Permakultur – ein ganzheitliches Konzept für die Gestaltung essbarer Landschaften
Angelehnt an Mollisons ursprüngliche
Definition ist Permakultur die bewusste Gestaltung sowie Unterhaltung
von essbaren Landschaften, die über Diversität, Stabilität und
Widerstandsfähigkeit eines (Ur-)Waldes verfügen. Die Philosophie der
Permakultur arbeitet mit und nicht gegen die Natur, sie beinhaltet
fortlaufendes und aufmerksames Beobachten, überlegtes und gewissenhaftes
Planen sowie kongruentes Handeln – nicht ständigen, gedankenlosen
Aktionismus. Sie betrachtet Systeme in der Vielfalt ihrer Funktionen,
anstatt nur eine Art von Ertrag abzuverlangen, und sie erlaubt diesen
Systemen, ihre eigene Evolution zu entfalten. Die Weltanschauung der
Permakultur wird von vielen Autoren in drei Punkten zusammengefasst:
- Sorge für die Erde (earth care)
- Sorge für die Menschen (human care)
- Begrenze Konsum und Wachstum (fair share)

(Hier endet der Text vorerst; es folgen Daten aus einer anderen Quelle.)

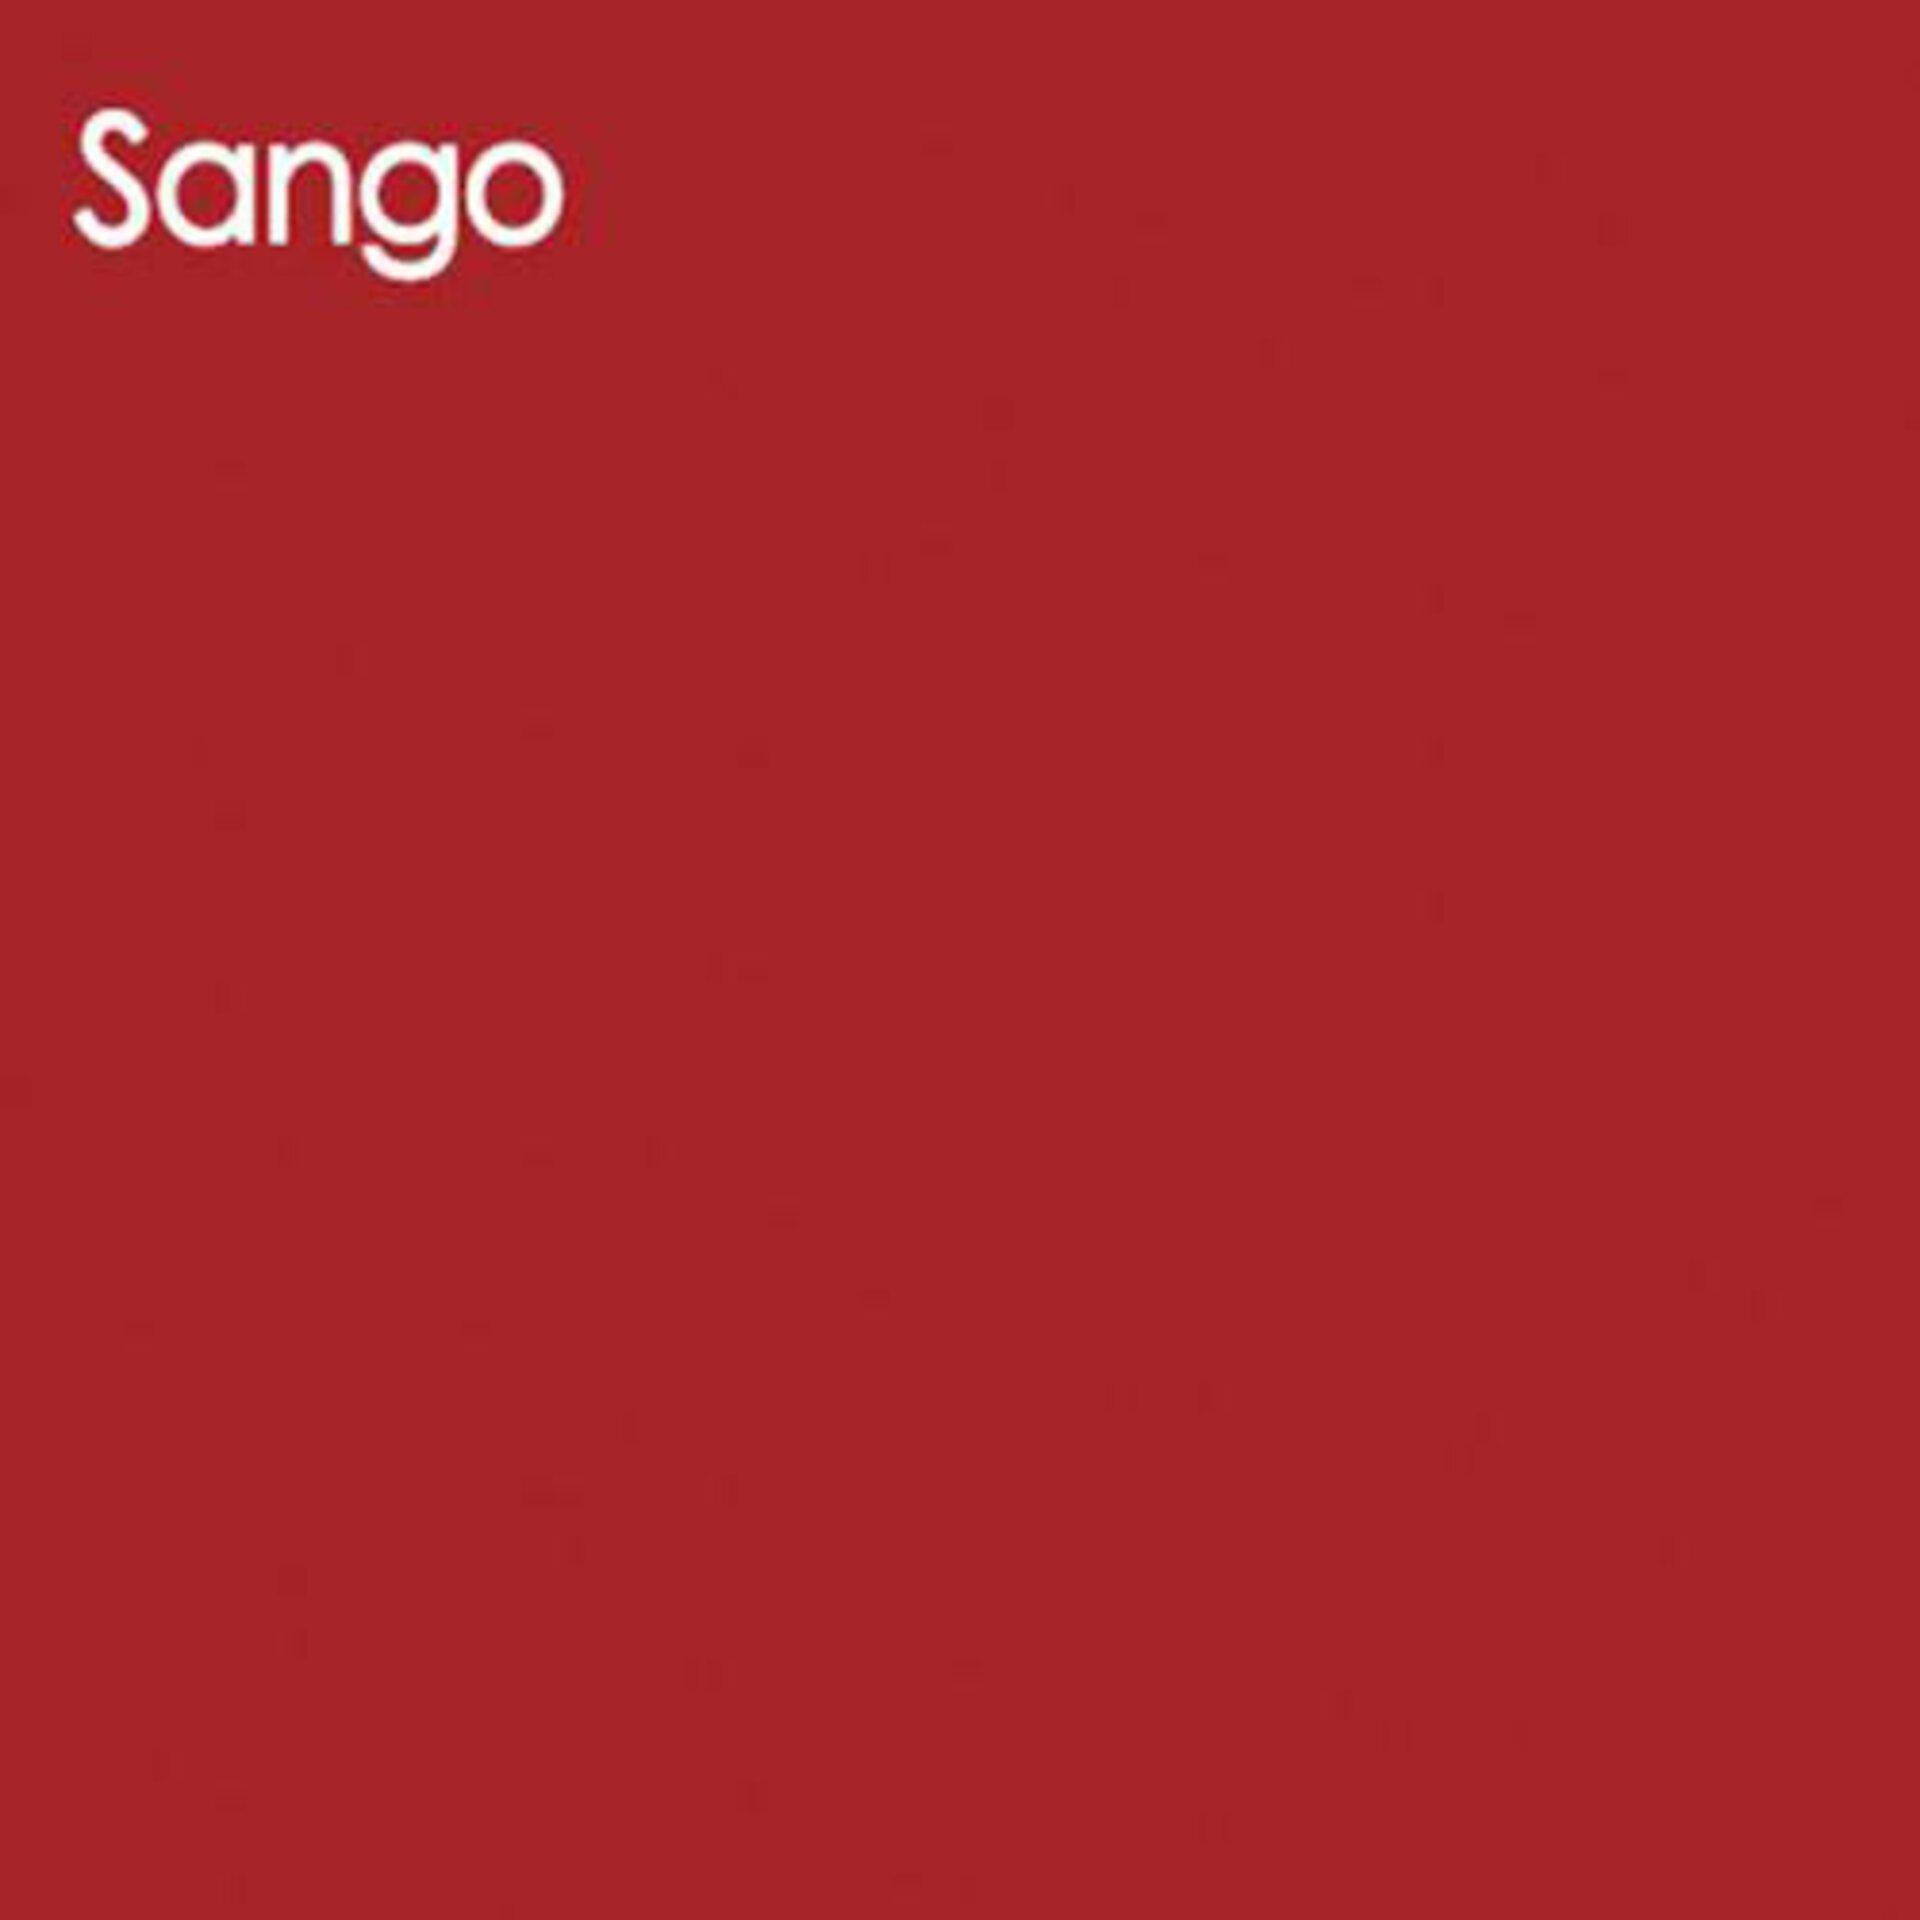 Arbeitsblatte aus Glas in warmroten Sango.

Am Anfang jeder Permakultur steht Planung und Gestaltung mit der Natur als Vorbild
Permakultur befasst sich in der Praxis vor
allem mit dem Thema „Design”. Gärten und landwirtschaftliche Betriebe
bedürfen einer sorgfältigen Planung und Gestaltung vor ihrer Neuanlage
oder Umstellung. Die Überlegungen hierzu berücksichtigen ein Denken in
Systemen, in denen alles mit allem direkt oder indirekt verbunden ist,
also in weitgehend geschlossenen Stoff- und Wirtschaftskreisläufen, in
denen möglichst jeder Beteiligte angemessen profitiert und nicht zu
Schaden kommt. Am Anfang der Planungsarbeiten für ein Stück Land steht
daher die Beobachtung und Wahrnehmung, das Lesen der Natur. Besonders
folgende Fragen sind von Bedeutung: Was kann auf diesem Boden und unter
den vorliegenden klimatischen Verhältnissen besonders gut gedeihen? Wie
intensiv ist die Sonneneinstrahlung? Woher weht der Wind, wieviel Regen
fällt? Ist das Gelände abschüssig und kann es dadurch zur Bodenerosion
kommen? Welche Wildpflanzen wachsen dort und welchen Hinweis geben sie
auf die Qualität des Standorts?
Nun interessiert sich auch die Wissenschaft für die Permakultur
Vom 8. bis 9. September 2015 fand die 12.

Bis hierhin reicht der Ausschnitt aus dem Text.